FIG. 1 is a sectional view of a flexspline showing an embodiment of the present invention 1. FIG.

FIG. 2 is a sectional view of a flexspline showing another embodiment example of the present invention 1.

3 (a) and 3 (b) are configuration diagrams of a motor using the wave gear device of the first invention.

FIG. 4 is a sectional view of a flexspline showing an embodiment of the present invention 2.

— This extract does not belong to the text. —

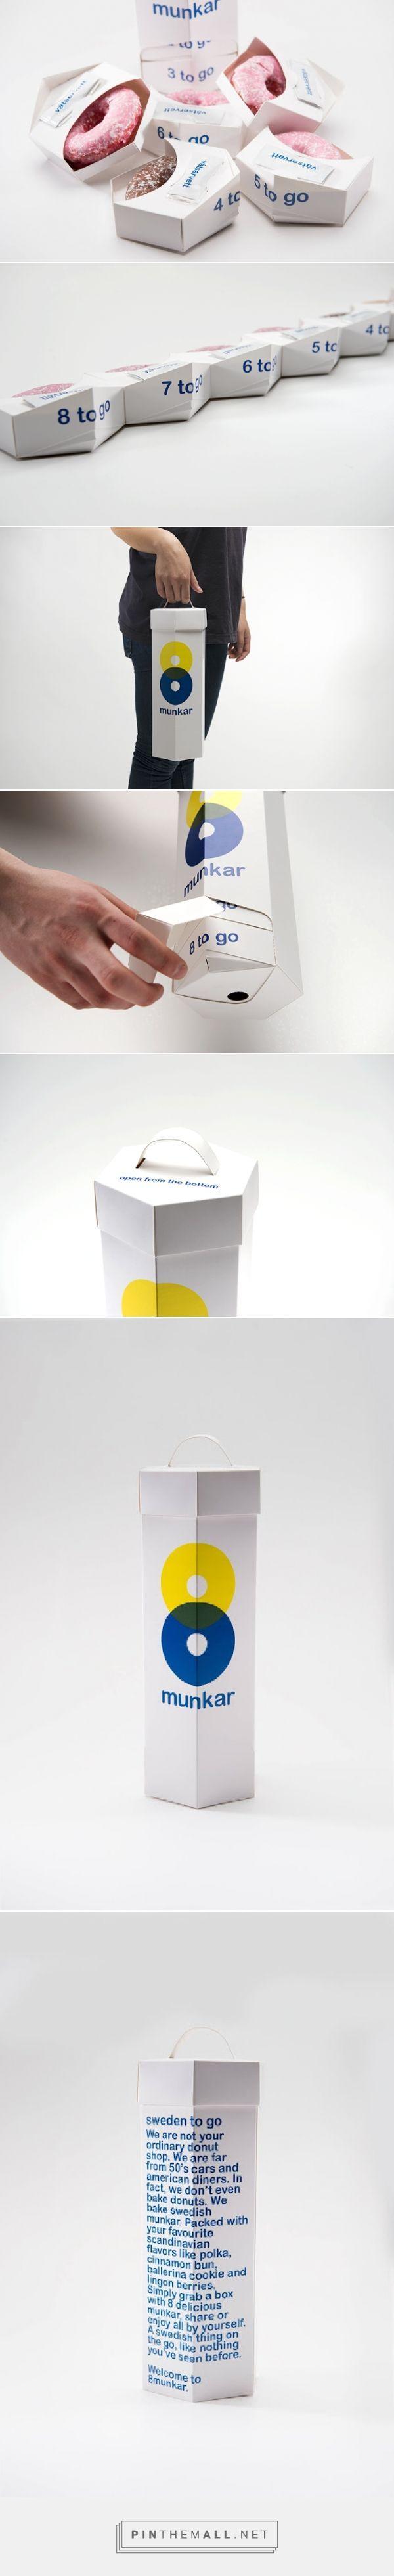 8munkar Donuts - Student concept packaging designed by Emelie Johannesson & Oliver Sjöqvist - http://www.packagingoftheworld.com/2015/06/8munkar-student-project.html
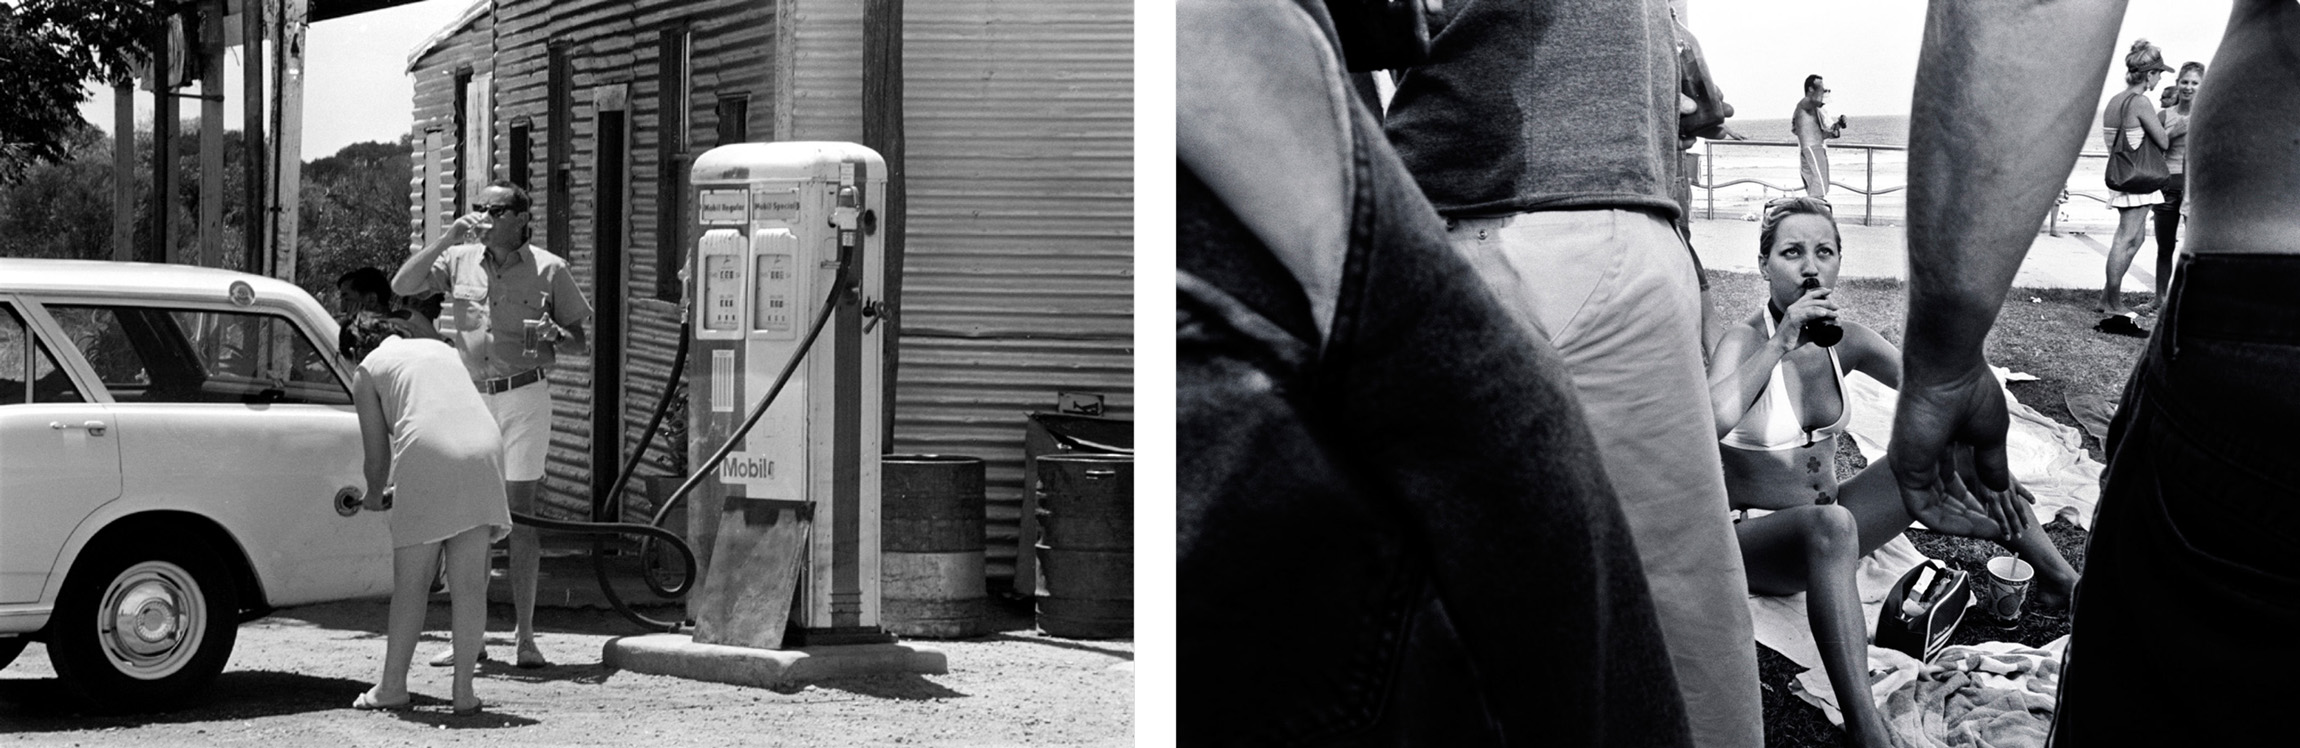 iris, irismagazine, iris magazine, Paul Blackmore, Rennie Ellis, Australian Photography

5A is a configuration diagram of a conventional wave gear device, and FIG.
Is a sectional view of the flexspline

[Explanation of symbols]

1 ... Body 2 ... Gear 3 ... edge 4 ... Fixing member 5, 5a, 5b ... Output shaft 6 ... Ring-shaped member 7 ... Diaphragm part

Claims (6)

[Claims] 1. A wave gear device having a flexspline and a circular spline, wherein a gear part that meshes with the circular spline is formed in one of the openings of the tubular elastic body, and the other part is fixed to a fixing member. A wave gear device characterized in that 2. The wave gear device according to claim 1, wherein the fixing member has an integral structure with the output shaft. 3. The flexspline deformation, wherein the end portion of the tubular elastic body that is in contact with the fixing member is made thicker, and one or both of the end portion and the outer side is gradually made thinner toward the gear portion, 3. A curved or flat taper portion for avoiding the concentrated stress of the above is provided.
The wave gear device according to. 4. A curved or flat taper portion is provided on one or both of the inner and outer edges of the fixing member in contact with the tubular elastic body to avoid concentrated stress during flexspline deformation. The wave gear device according to claim 1 or 2, characterized in that. 5. A wave gear device having a flexspline and a circular spline, wherein the output shaft and the flexspline are integrally formed from one rod-shaped member. 6. The wave gear device according to claim 1, wherein the gear portion is first formed, and then the outer side of the flexspline body is formed, and then the outward deformation of the body is restricted so that the inner side of the flexspline and the output are formed. The wave gear device according to claim 5, wherein the wave gear device is formed with a shaft.